In Ethiopia there is scarce information on the pattern of bacterial isolates and drug sensitivities of infected ulcers in patients with leprosy. This study was undertaken to identify the bacteriology of infected ulcers and to determine their antimicrobial susceptibility pattern.
noroxin norfloxacin generic
Cirrhotic patients frequently develop ascites during the course of their disease. The appearance of ascites is the final consequence of profound disturbances in systemic and splanchnic haemodynamics, and in renal and hormonal function. The alterations in renal function consist of a decreased ability to excrete sodium and water, and in more severe cases, a reduction in renal blood flow and glomerular filtration rate. No effective drug therapy is yet available for water retention and renal failure in these patients. Sodium retention, however, may be treated by the administration of diuretics. The diuretics most commonly used in the treatment of cirrhotic patients with ascites are loop diuretics, particularly furosemide (frusemide), and distal, or 'potassium-sparing' diuretics such as spironolactone. Although furosemide has a much greater natriuretic potency than spironolactone in healthy individuals, studies in cirrhotic patients with ascites have shown that spironolactone is more effective than furosemide in the elimination of ascites. Nowadays, however, therapeutic paracentesis associated with plasma expanders has replaced diuretic therapy as the initial treatment for cirrhotic patients hospitalised with tense ascites since it is more effective and is associated with a lower rate of complications than diuretic therapy. Diuretics should be given after the elimination of ascites by paracentesis to avoid the reaccumulation of the abdominal fluid. Only cirrhotic patients with mild ascites should be treated initially with diuretics. Cirrhotic patients with ascites frequently develop a spontaneous infection of the ascitic fluid which is usually caused by Gram-negative bacilli from enteric origin and has a great tendency to recur after therapy. The antibiotics of choice for this infection are third-generation cephalosporins. Long term administration of norfloxacin, which causes a selective elimination of Gram-negative bacilli from the intestinal flora, is effective in preventing the recurrence of ascites infection in these patients.
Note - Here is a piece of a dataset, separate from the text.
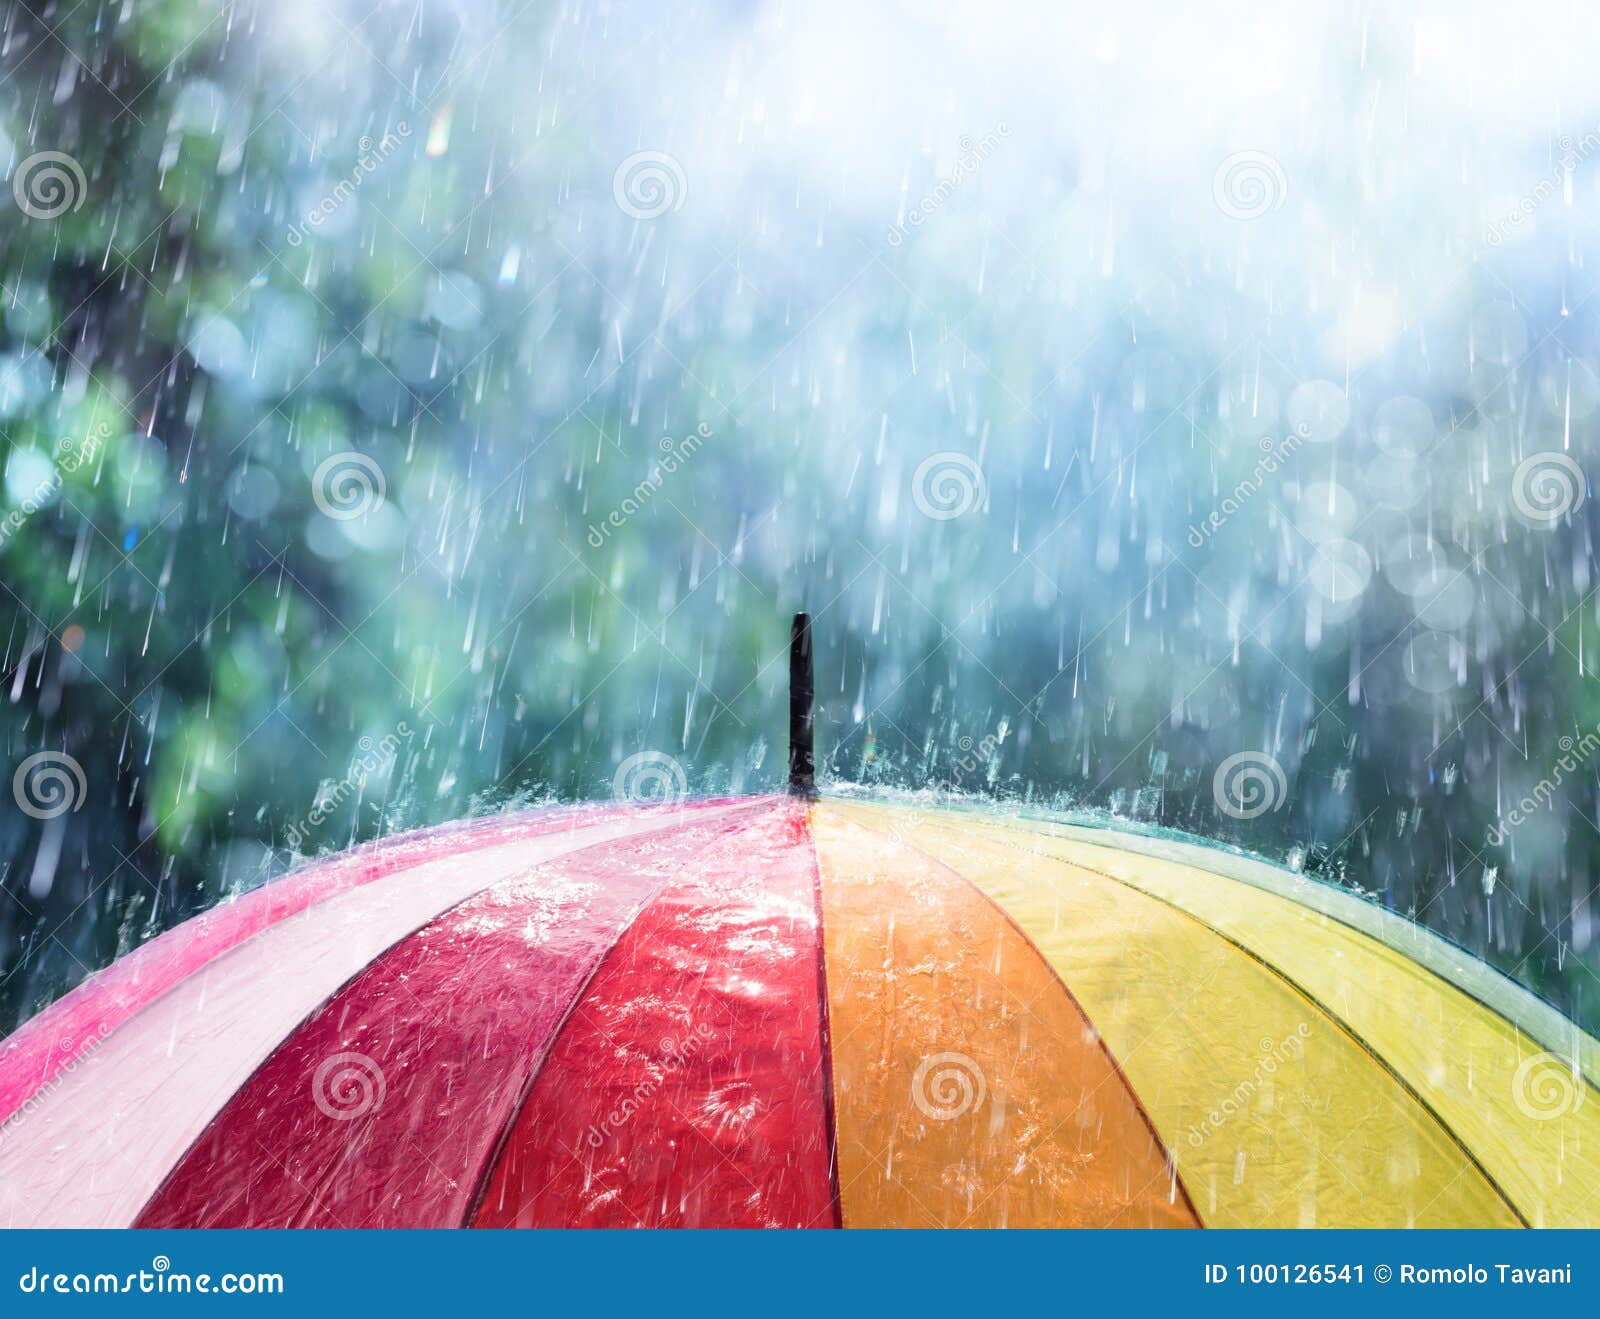 rain on rainbow umbrella

Finally, cirrhotic patients with ascites are prone to develop renal failure when treated with a variety of pharmacological agents, particularly aminoglycosides and nonsteroidal anti-inflammatory drugs. The administration of the latter drugs may also cause dilutional hyponatraemia and refractory ascites since they induce water retention and impair the renal response to diuretics.
noroxin renal dosing
compare the acceptability of 3-day regimen with that of 10-day regimen of fluoroquinolones for the treatment of recurrent uncomplicated lower urinary tract infection in women.
noroxin drug interactions
Enterococcus faecium has emerged as a multidrug-resistant nosocomial pathogen involved in outbreaks worldwide. Our aim was to determine the antimicrobial susceptibility, biofilm production, and clonal relatedness of vancomycin-resistant E. faecium (VREF) clinical isolates from two hospitals in Mexico.
noroxin 500 mg
Our study demonstrates that strains with MR fimbriae have a rather high virulence (p<0.001), and that a combination of MR+MS fimbriae increased that virulence (p<0.001). As MR strains have a greater adhesive property, the determination of MR fimbriae bearing as high shows that fimbriae bearing plays an important role in widespread and resistant strains, especially in recurrent UTIs such as in our study. In addition, hemolysin capability was also a virulence factor in recurrent UTIs (p<0.01). In addition, the sensitivity of the strains to the antimicrobials appeared in the following order; imipenem 93%, norfloxacin 89%, ciprofloxacin 85%, netilmicin 80%, amikacin 78%, ceftriaxone 74%, gentamicin 72%, nitrofurantoin 71%, ampicillin-sulbactam 60%, amoxicillin-clavulanate 58%, Trimethoprim/sulfamethoxazole 45%, ampicillin 35%.